I was wondering if there is a business in the Oklahoma City Metro area that sales transfer paper. I am currently out and have lots of orders to fill and really do not have time to wait on paper to be shipped. Or if there is someone in the OKC area that has a bulk of transfer paper that would want to sale some, would you respond also? I would appreciate any advice or help. Thanks so much!


----------



## cdieger (Jan 2, 2009)

dualdesigner said:


> I was wondering if there is a business in the Oklahoma City Metro area that sales transfer paper. I am currently out and have lots of orders to fill and really do not have time to wait on paper to be shipped. Or if there is someone in the OKC area that has a bulk of transfer paper that would want to sale some, would you respond also? I would appreciate any advice or help.

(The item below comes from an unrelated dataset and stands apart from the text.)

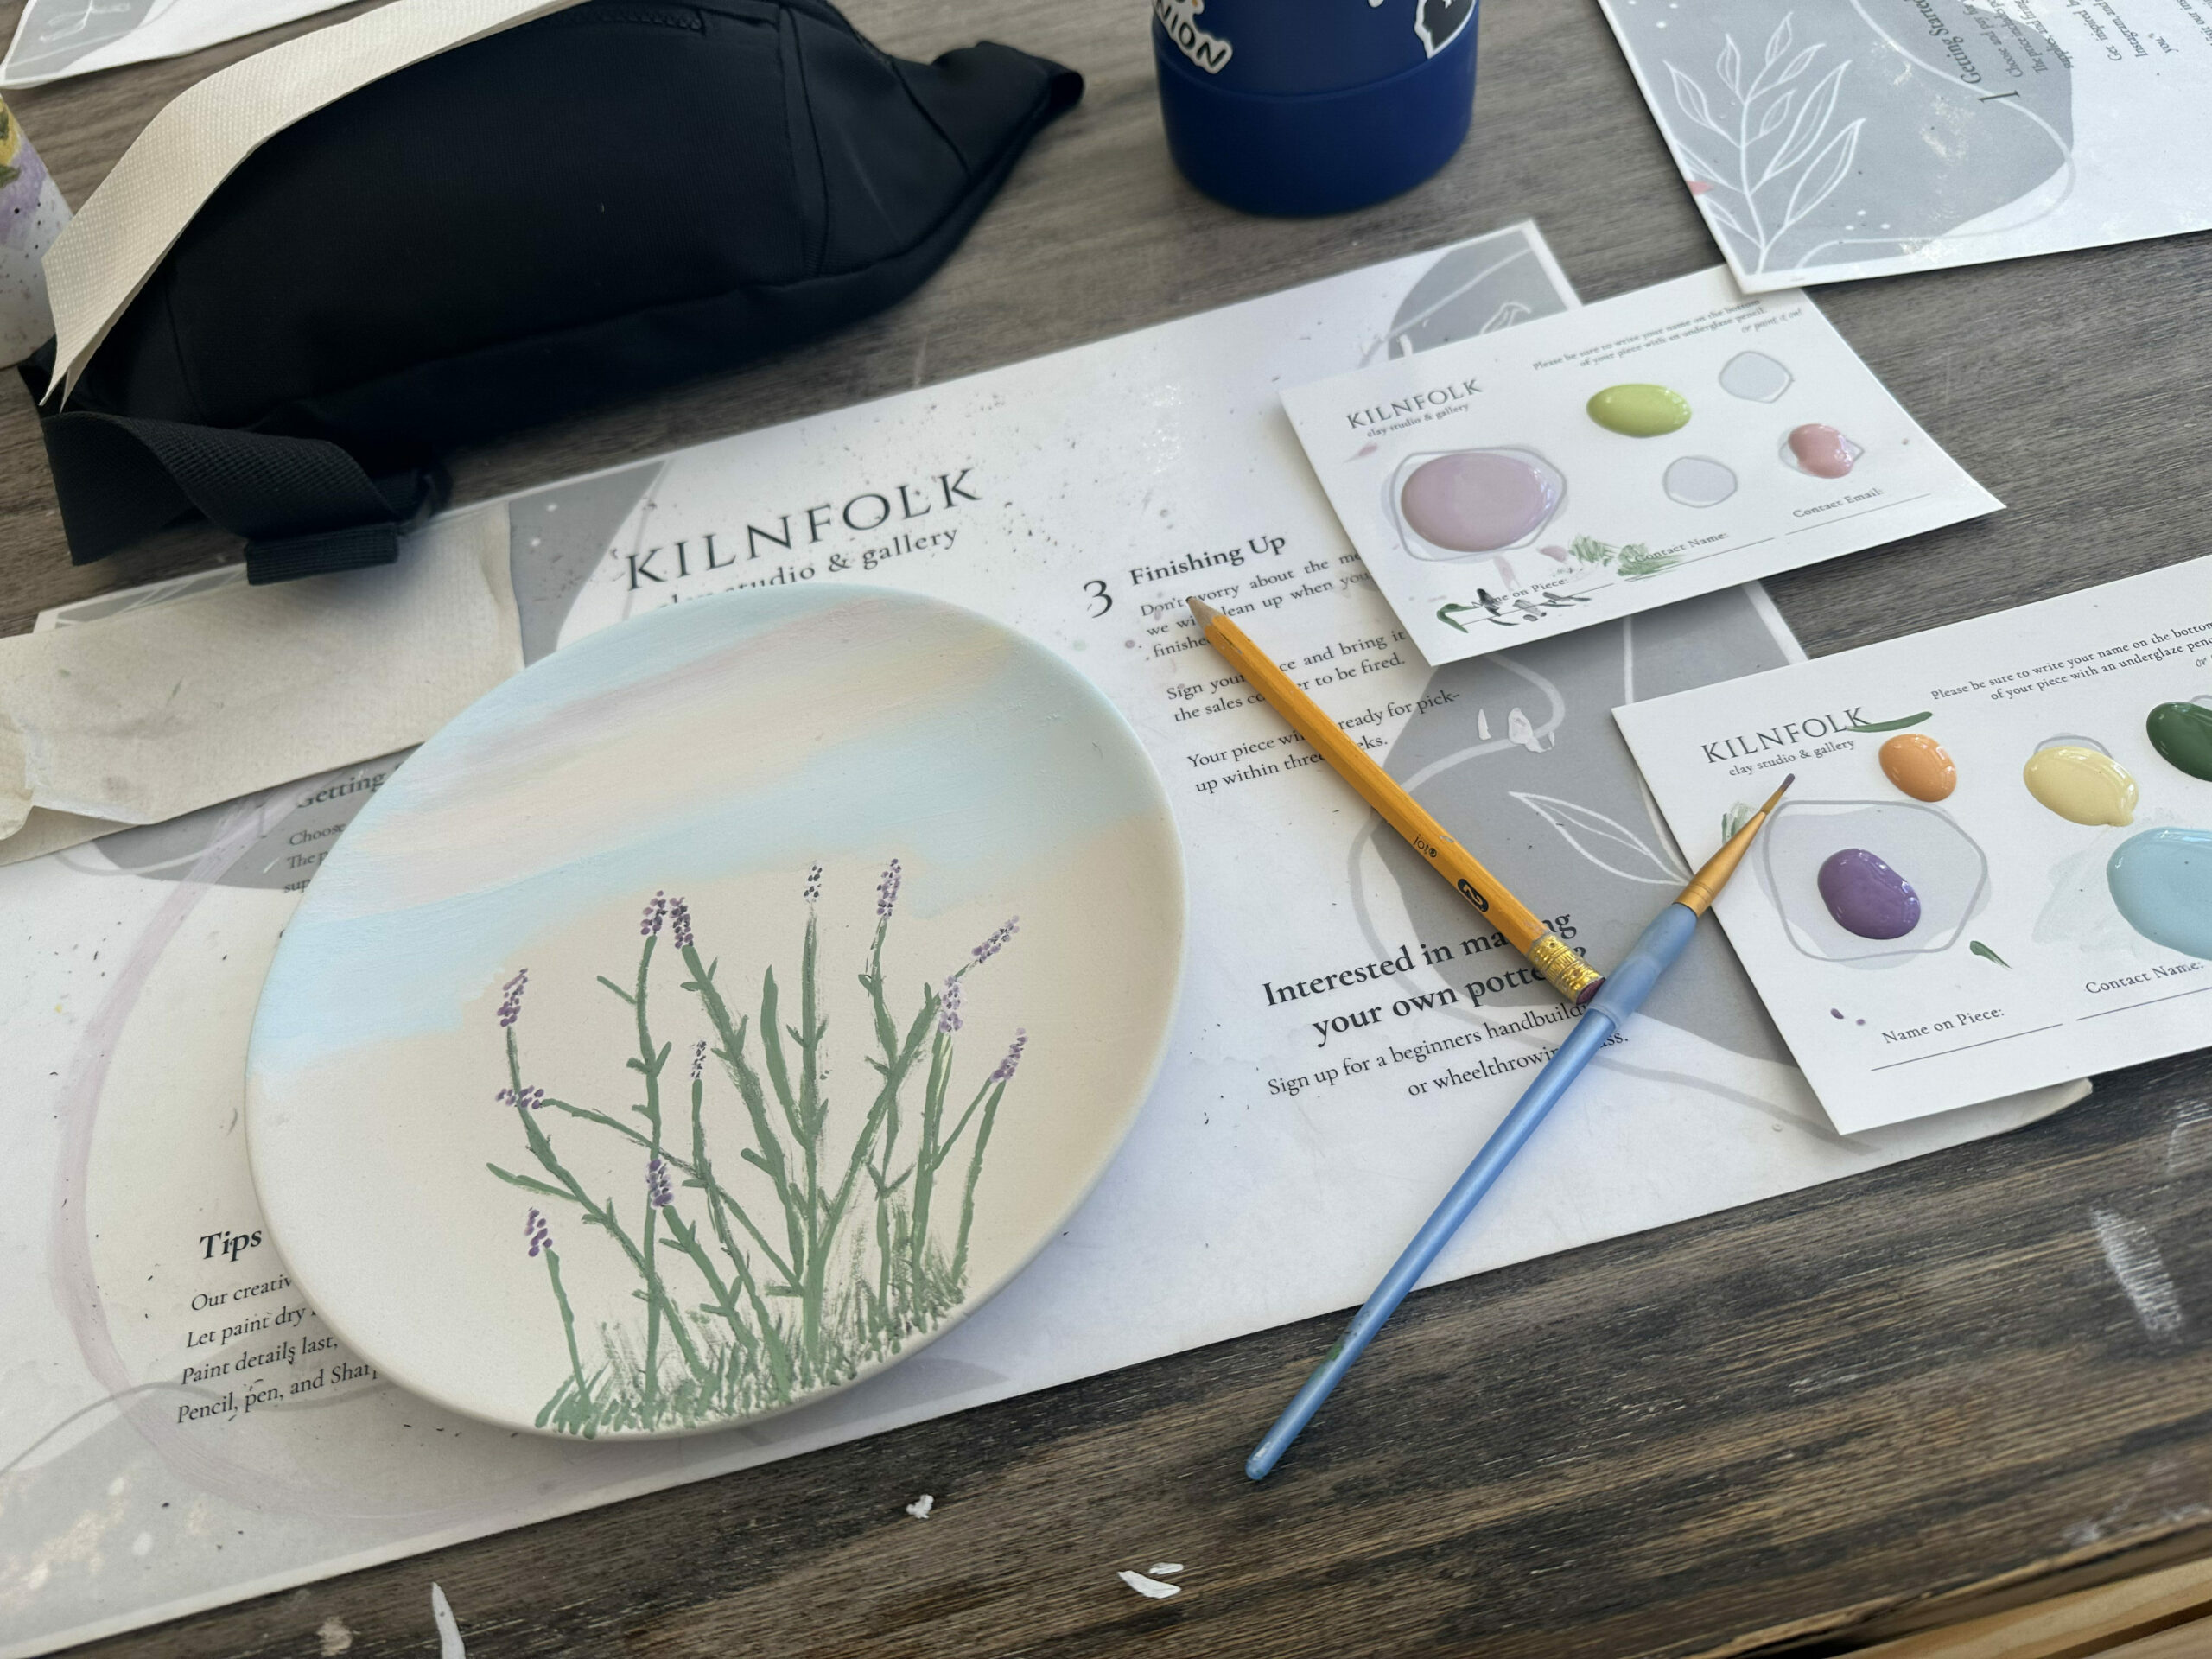 paint on paper and with a plate that has lavender painted on it at Kilnfolk pottery in Vancouver, WA

Thanks so much!


You might try Printa Systems for Heat Transfer paper. They charge $70 for 100 sheets or offer lesser quantities, but they do offer the dimensions of paper you stated.


----------



## charles95405 (Feb 1, 2007)

Heat Transfer, Dye Sublimation and Engraving Equipment & Supplies Source is located in Okla City....not too far from the capitol...give them a call...


----------